I am trying to teach beginners javascript. Here is what I am trying to do:
I will give them a snippet of code such as a function with something incorrect:
const square = function(x) {
return x + x; // Wrong! This will double the number, not square them.
};
They will submit the code back to me. I would like to write some test cases which would run on their code and evaluate if they are correct.
Does it make sense for them to submit their code as js files, and then I have a node.js project which reads their files and passes values to their functions and tests the response ?
Or does it make more sense to use a unit testing framework like mocha and chai etc ?
Both options would work, i.e Node directly or a test framework with test suites on their machines.

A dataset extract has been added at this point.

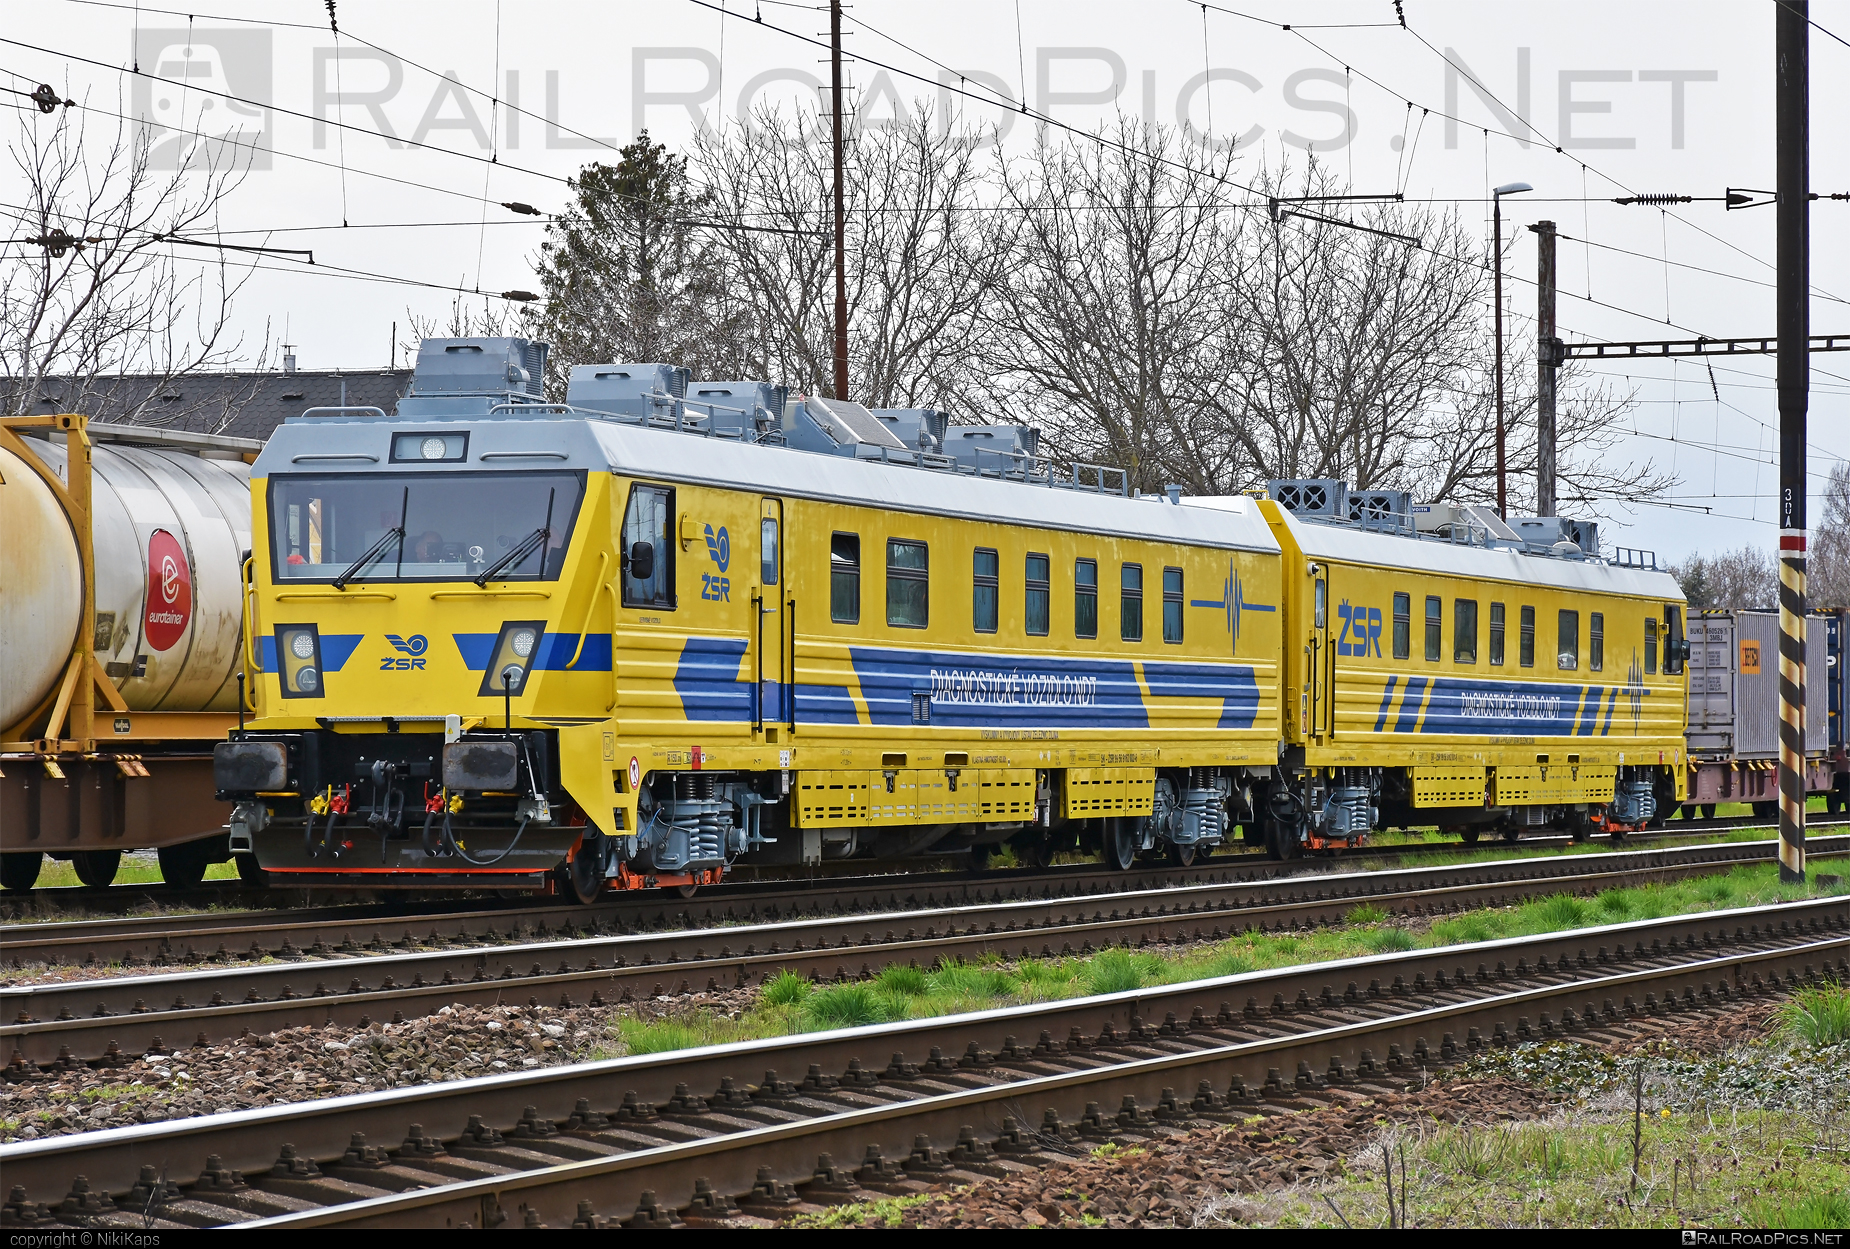 TVEMA SEVER-1435 - 162 002-6 operated by Železnice Slovenskej Republiky #sever1435 #tvema #tvemaSever1435 #zelezniceslovenskejrepubliky #zsr

If you really want to get all their submissions and evaluate them on your own, you can simply ask them to export a function with a predefined name, in this case of this square exercise, it could be export function square { ...
, then you add all those files to a folder, list all them using the fs
module with something like fs.readdir
/fs.readdirSync
and dynamically call require
on each file and execute the square function.
Note that this approach means you'll be running untrusted code on your machine, e.g one could potentially delete a file on your system (or actually do everything else possible with the privileges you execute the program). But you suggested that it's a beginner class and it looks like you know everyone, so that approach may be acceptable and in that manner, you don't have to send test cases for everyone and teach them how to run them (although it would be good at some point to do so).